Depends which company you're talking about?

Ask the nation,

OP posts:
Topgub · 13/09/2022 20:41

No, I'm asking you.

Its your argument

Should we use bezo? Tesco?

If ceos are making millions you can guarantee the actual workers aren't

5128gap · 13/09/2022 20:42

I'm sorry, but working the hours of two people, leaving no time for the partner you married and the children you created; requiring your partner to take on all domestic and childcare responsibilies in order to make far more money than you need tp live a very comfortable life, is prioritising material aquisition over people.
To me that is greed.
No, I don't think only the state should create jobs. But nor do I think the creation of jobs by a private individual as a by product of their desire to make themselves rich is particularly admirable either. At best it's neutral, at its worst exploitative.

aokii · 13/09/2022 20:57

If people didn't start business ventures and companies, whet would we be? What jobs would we be doing?

It's far too simplistic to think about it in terms of 'exploiters' and 'exploited.'

I could tell you, people in DH's company could be on £200-£300k at director level. If they weren't paid that they would go get it somewhere else. There are all kinds of roles ranging down to graduate stater salaries of about 30k maybe, or internships. Many of them work from home most of the time. How is anyone being exploited? They are free to leave at any time. They build up experience for the CV. They move on to different things if they want. Another company he's part-involved in has created thousands of jobs in the U.K. at all levels. It's IT- related, they are not being sent down the mine!

OP posts:
Topgub · 13/09/2022 20:59

I thought it wasn't about your oh?

Who works limited hours and has lots of energy for his children?

MsTSwift · 13/09/2022 21:02

Literally never met a man who would be proud of his wife not working - isn’t that deeply weird even my grandfathers (born 1909 both long gone ) thought that was old fashioned! We both worked in corporate law most high flyers were married to their female equivalents.

aokii · 13/09/2022 21:13

Topgub - you are bring purposely facetious. Yes, my DH tends to work kind of part-time NOW because he is 50 and semi-retired. He is around as much as I am these days and has been for a few years now. But he worked long hours to get to this point for many years. But that doesn't mean he had no energy for his kids. He does things with them I don't or can't do. It's called playing to your strengths. He's been massively involved with his kids. But it just made sense for me to just have full headspace for them because four kids is quite a lot, in and of itself.

OP posts:
5128gap · 13/09/2022 21:16

I'm not talking about people starting companies. I'm talking about your own reference point of men who work the hours of two people to earn the (handsome) salaries of two people.
There is absolutely no need for it. Anyone who does it at the expense of their family responsibilities is greedy.
I have no idea if your husband has exploited people on his way to success. Whether he has made money off the back of other people's labour. Whether he's paid other people less so he could aquire more. Whether he's taken advantage of the lower costs resulting from poor working conditions here and abroad, or made any money through those who do.
I do know that very many successful wealthy men have done these things, and so are, at their worst exploitative.

aokii · 13/09/2022 21:25

What about people who get roles in the theatre abroad, or who make films overseas and they go for months leaving their family behind? Are they greedy too?

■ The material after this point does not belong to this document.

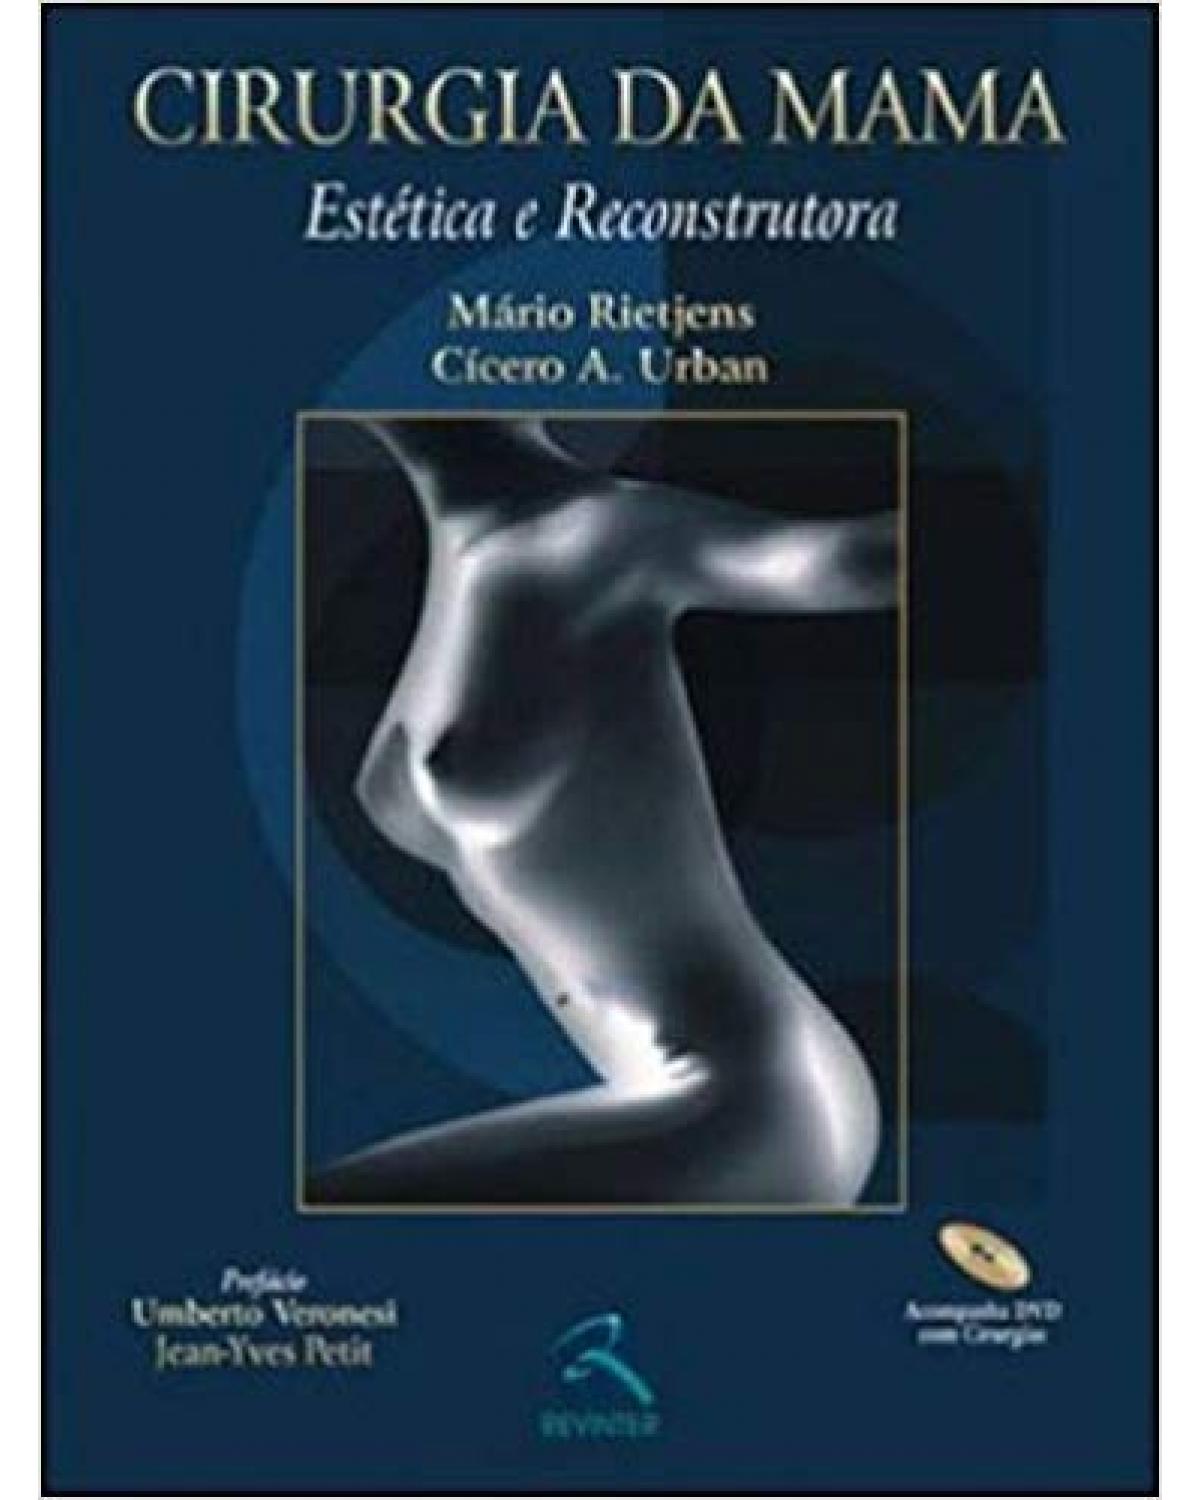 Cirurgia da mama - estética e reconstrutora - 1ª Edição | 2007

Whether you think they are greedy or not, the finance sector and many other industries besides , require a certain type of expertise, focus and commitment. If you're in that type of job, you can't really rock up and say you would like to "job share"(!!) or, "sorry I'd like to leave a 4 every day - thanks!" They are not being 'greedy' they just know the deal. They'd be out and they'd have someone else in the seat in a day.

OP posts:
Dontmakeher · 13/09/2022 21:27

Stay at home, don't stay at home. Live off a man, don't live off a man. The reasons for doing either are varied and vast or very simple. No one needs to justify anything to anyone.